The 2FA backup paradox
Password managers are great for frequently used credentials, but are not suitable for storing 2FA backup codes (example in the image below). After all, storing 2FA in the same place you keep your passwords completely defeats the purpose of having a second factor authenticator!
So where are you supposed to keep these codes? printing them out and keeping them in a drawer is a step away from having passwords written on post-it notes hanging off your monitor. Probably not the best idea.
Some 2FA authenticators automatically back-up your data to the cloud, which is neat! But since you keep the password to your authenticator app in your password manager, you have a circular dependency, and risk losing all your credentials if you lose your 2FA device and are logged out of your password manager.
This, is the 2FA backup paradox. There was just no good way to do it!

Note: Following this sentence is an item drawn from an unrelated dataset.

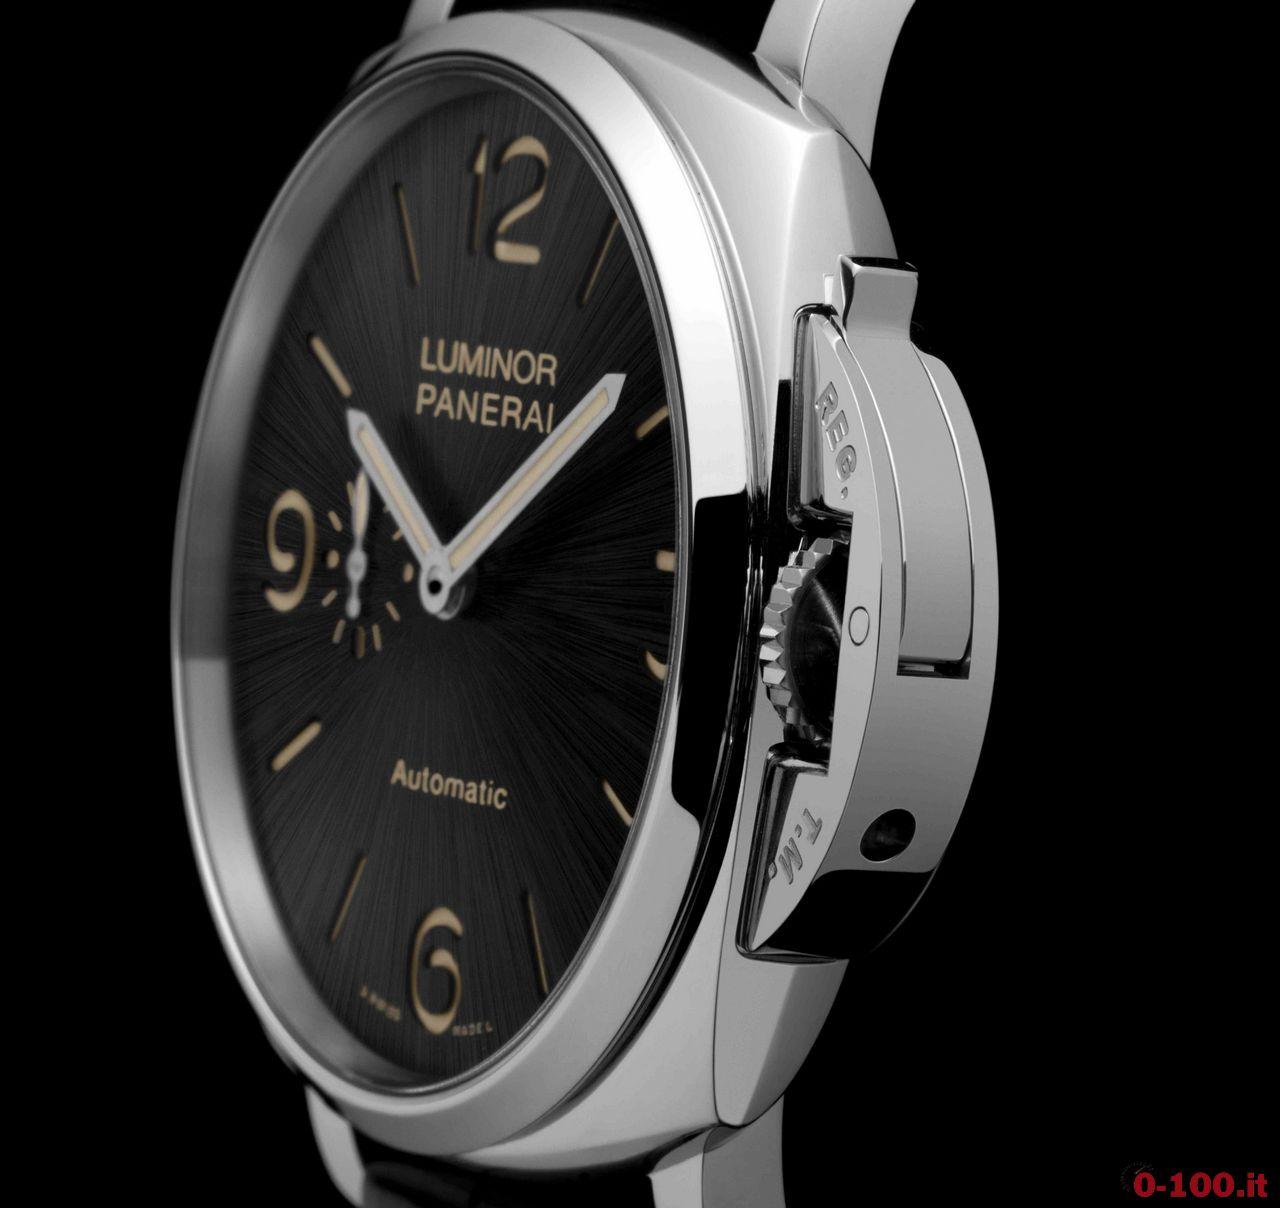 officine-panerai-luminor-due-3-days-automatic-pam00674-prezzo-price_0-1002

Vitalik Buterin (one of the Ethereum co founders) wrote about the need for wider adoption of social recovery for crypto wallets, but this model just happens to be the ideal model for storage and recovery of other critical data, such as 2FA backup codes.

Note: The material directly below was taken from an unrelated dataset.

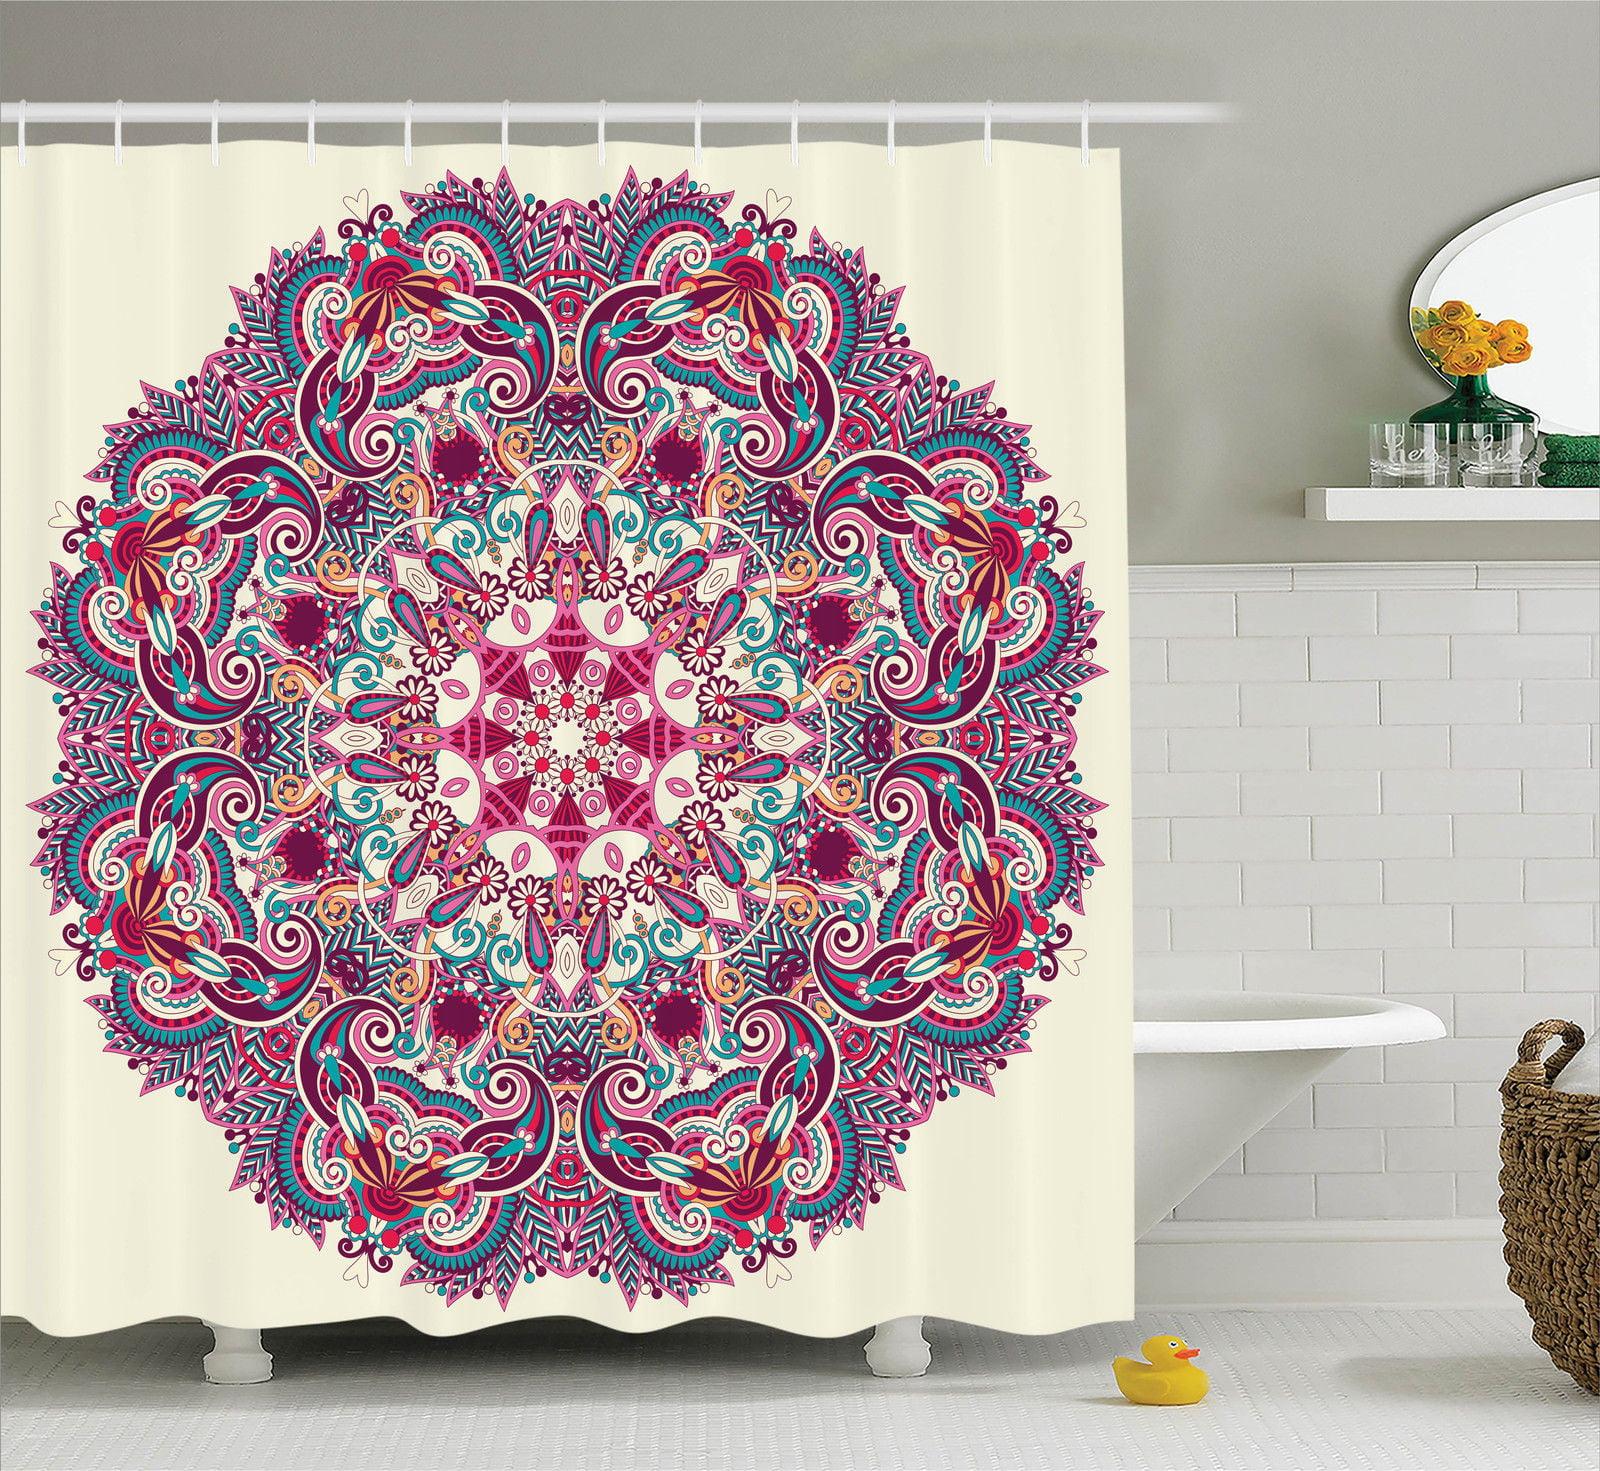 Mandala Decor  Detailed Mandala Pattern With Flower And L...

Kosign (www.kosign.xyz) vaults are designed for social recovery, protecting the data with a quorum of key guardians. Vault keys are distributed between family/friends/colleagues, which need to have consensus to unlock the vault, with for example, 4-out-of-10 key guardians.
Kosign vaults can also be printed and backed-up on paper for cold storage and data succession — however — unlike printing backup codes, Kosign vaults remain encrypted on paper. This enables the vault to be recoverable with support of your quorum, even in your absence. This model is also ideal for succession of digital assets.